• [DATA]:
****************

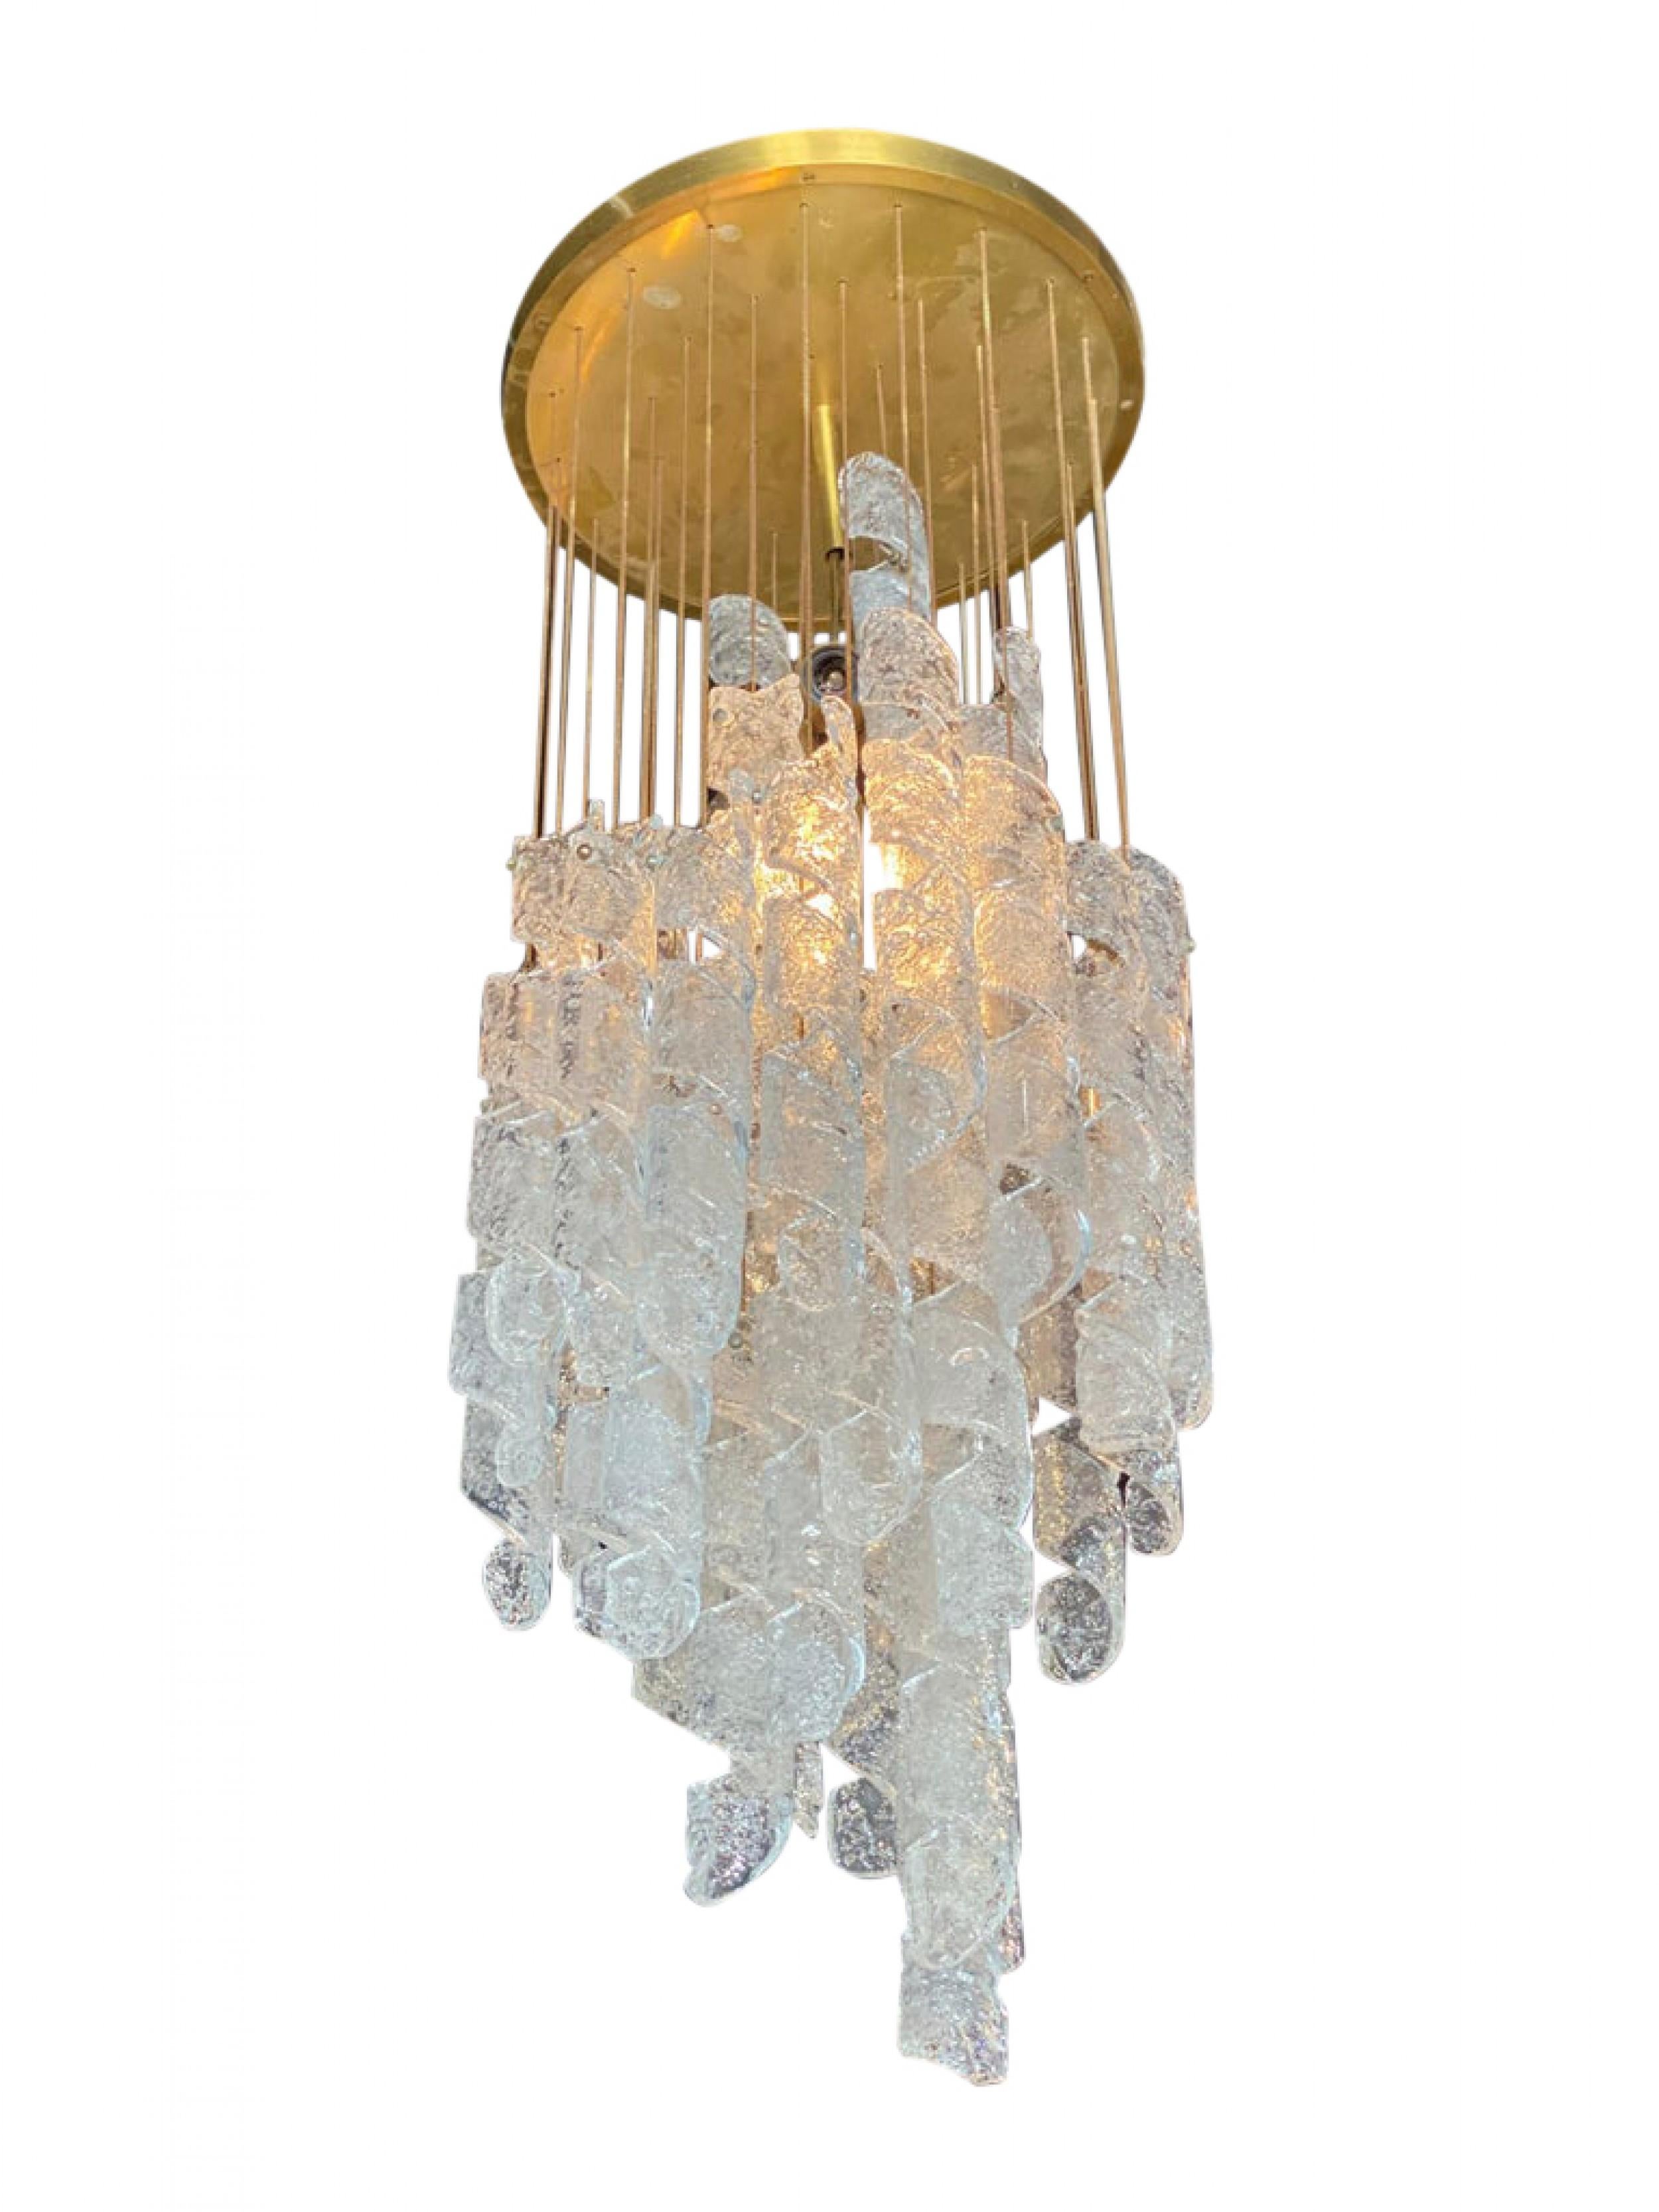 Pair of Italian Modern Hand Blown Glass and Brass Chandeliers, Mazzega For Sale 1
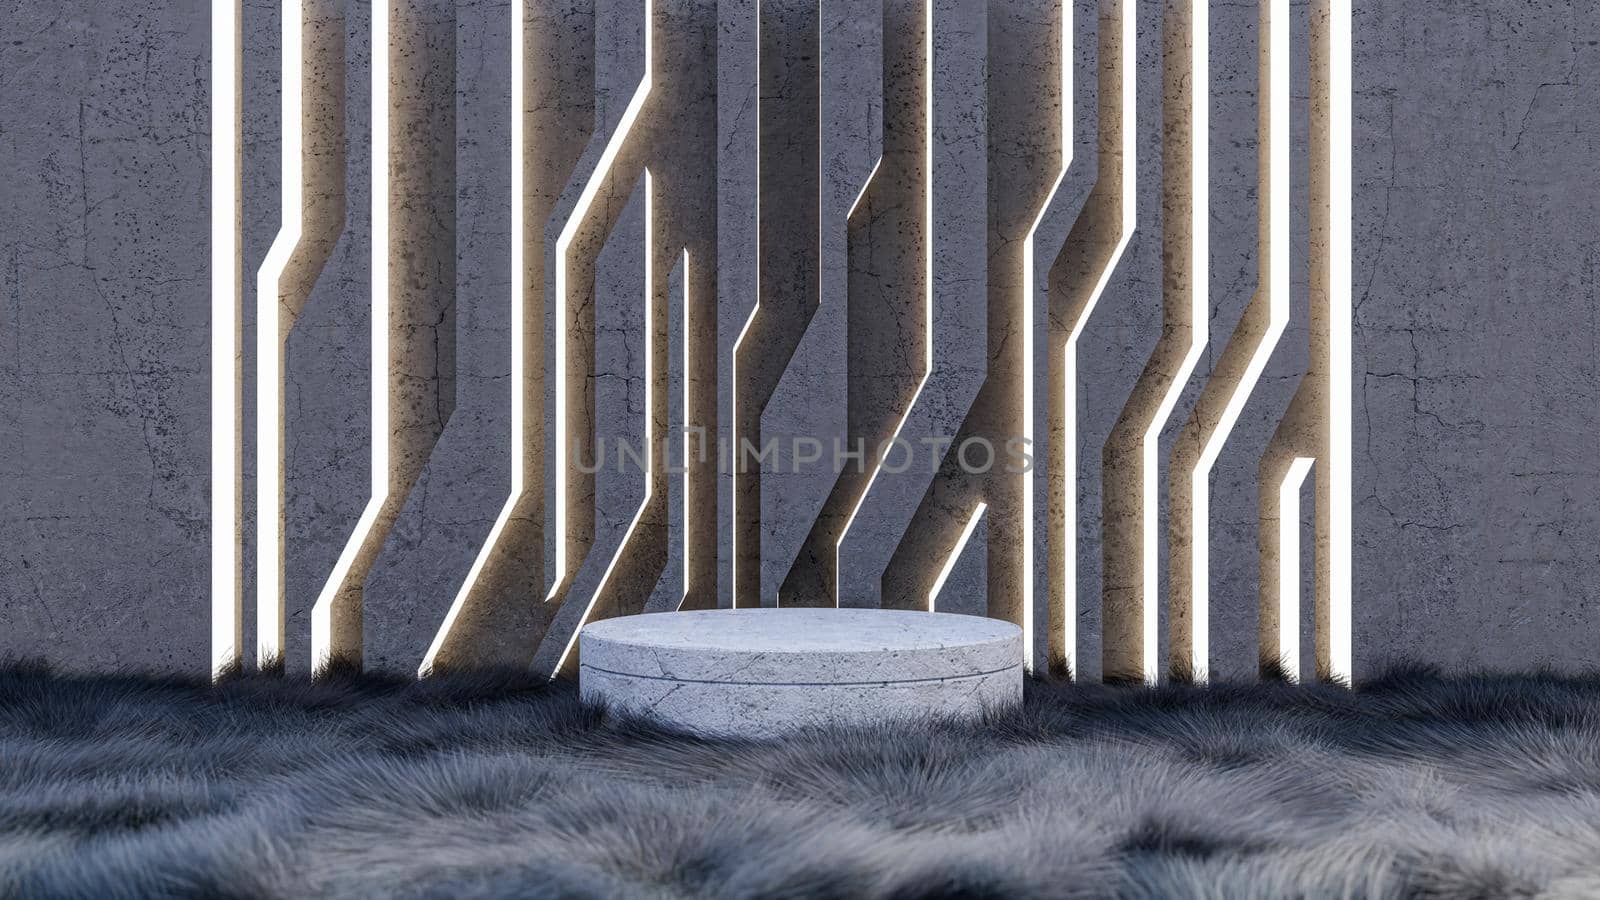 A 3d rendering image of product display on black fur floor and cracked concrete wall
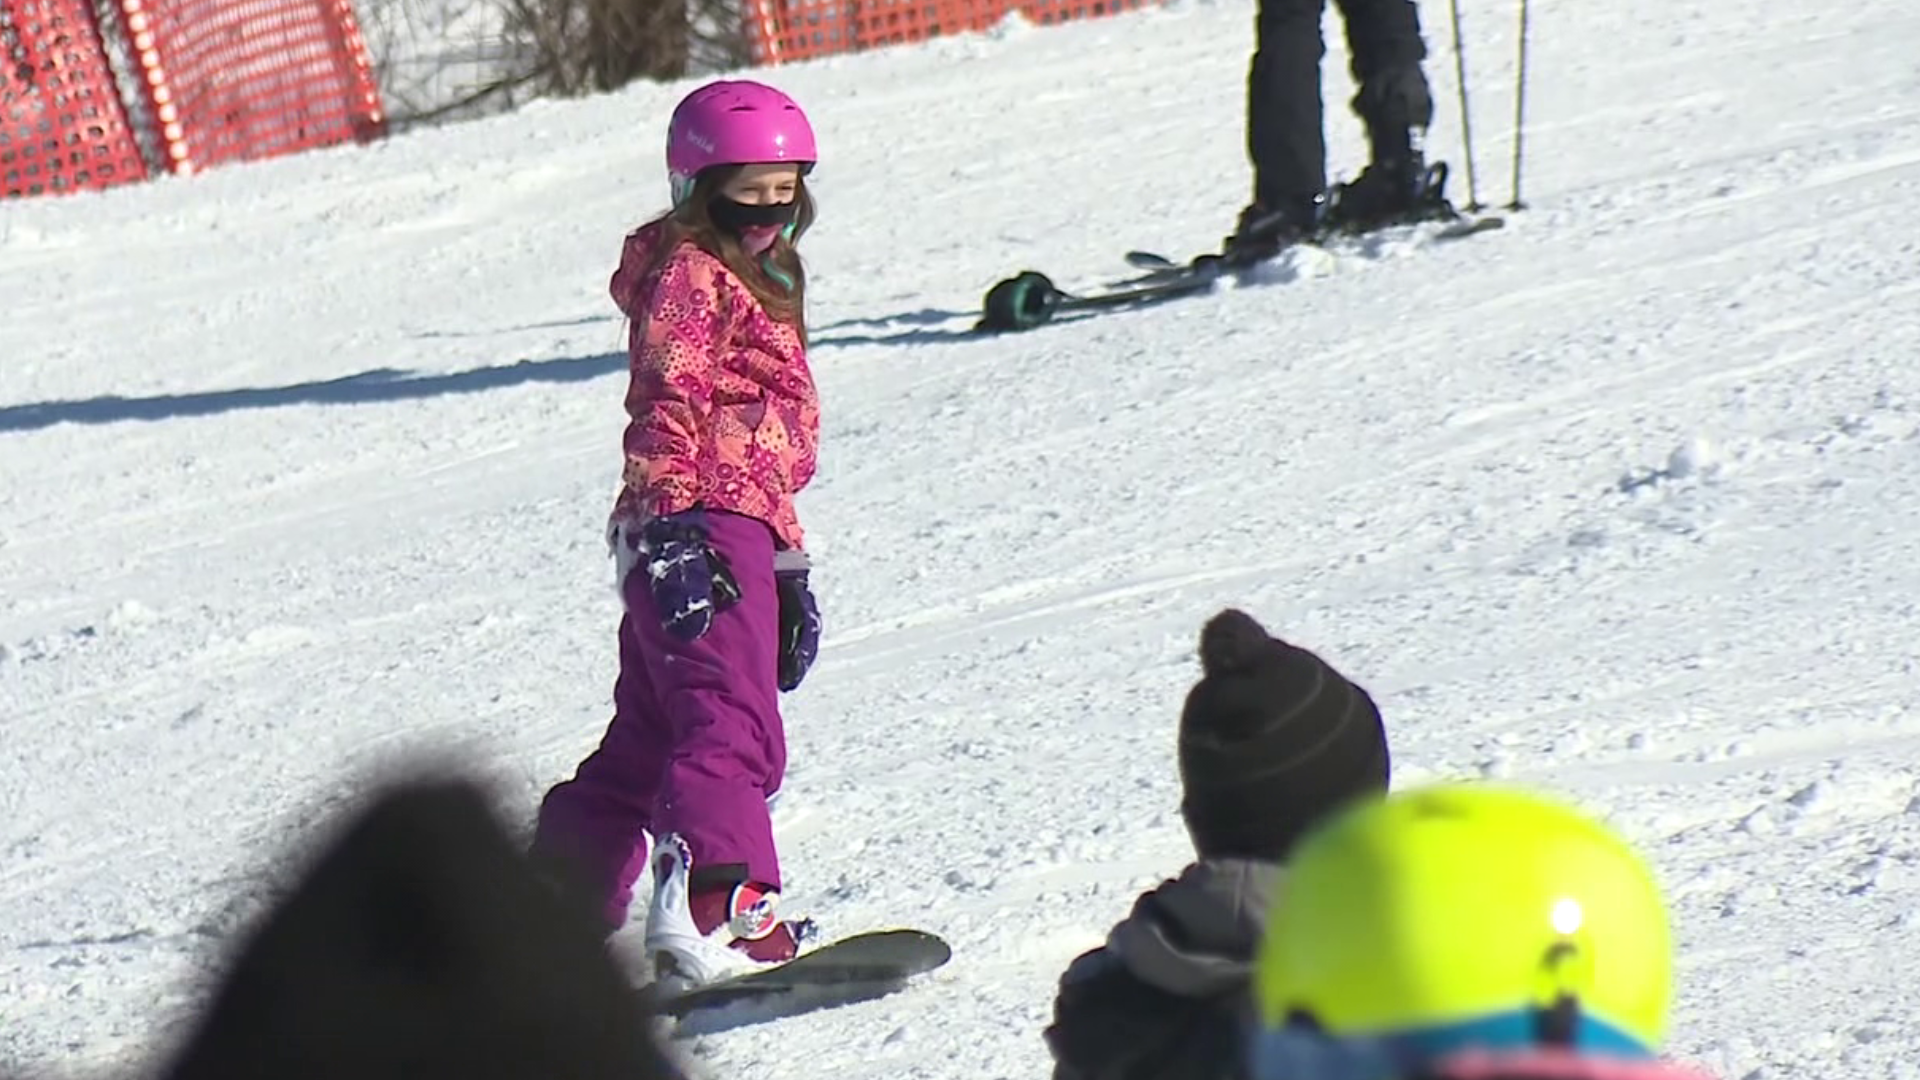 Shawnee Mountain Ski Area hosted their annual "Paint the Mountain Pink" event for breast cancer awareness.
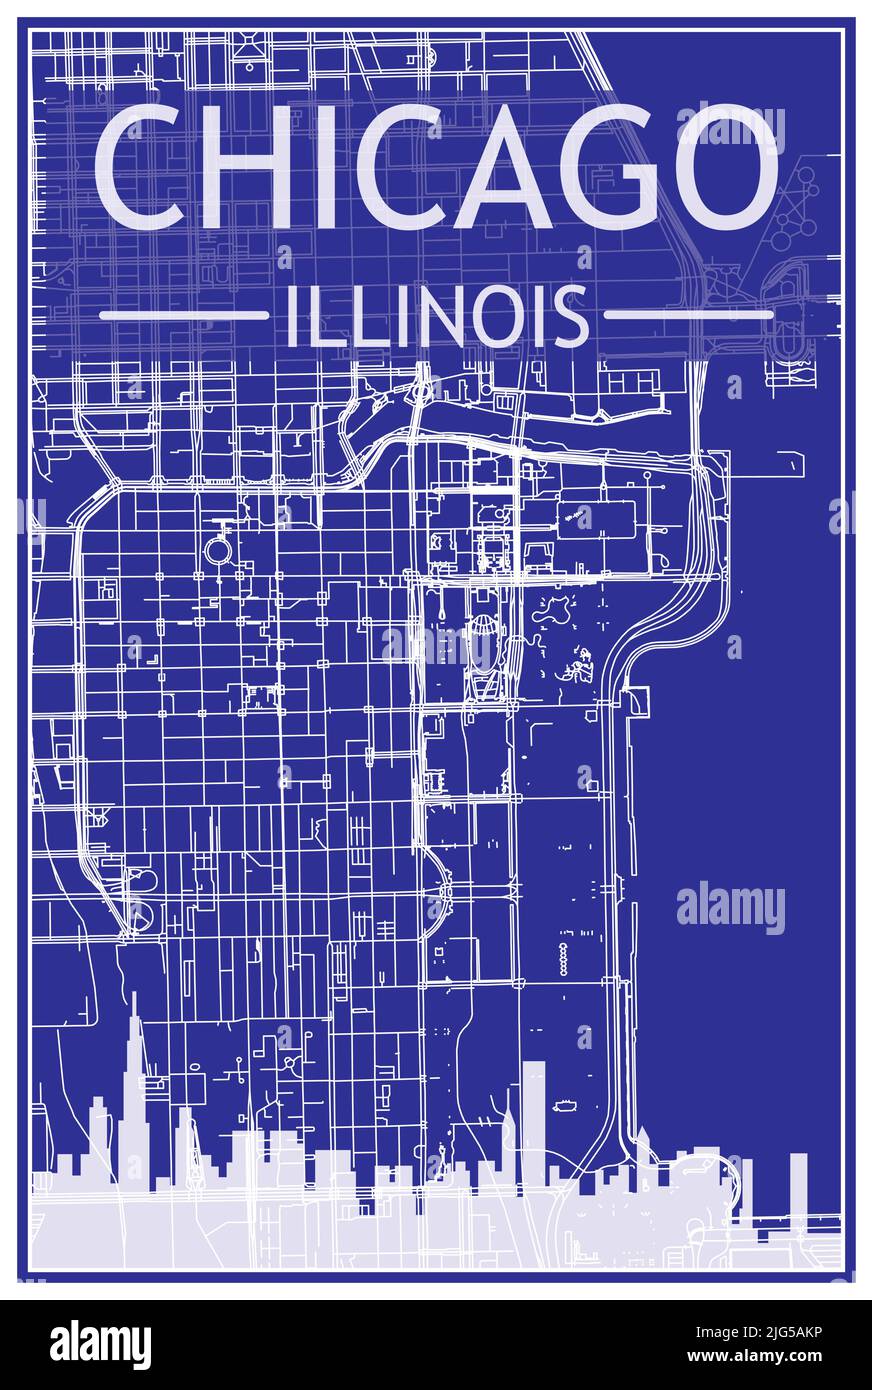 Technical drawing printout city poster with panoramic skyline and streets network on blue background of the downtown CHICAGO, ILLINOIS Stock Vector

****************

• [TASK ITEM]:
The line containing "A 3d rendering" and each line after it through the end of the listing above are to be written out exactly, without the pictures.

• [RESULT OF THIS EXERCISE]:
 A 3d rendering image of product display on black fur floor and cracked concrete wall
 Shawnee Mountain Ski Area hosted their annual "Paint the Mountain Pink" event for breast cancer awareness.
 Technical drawing printout city poster with panoramic skyline and streets network on blue background of the downtown CHICAGO, ILLINOIS Stock Vector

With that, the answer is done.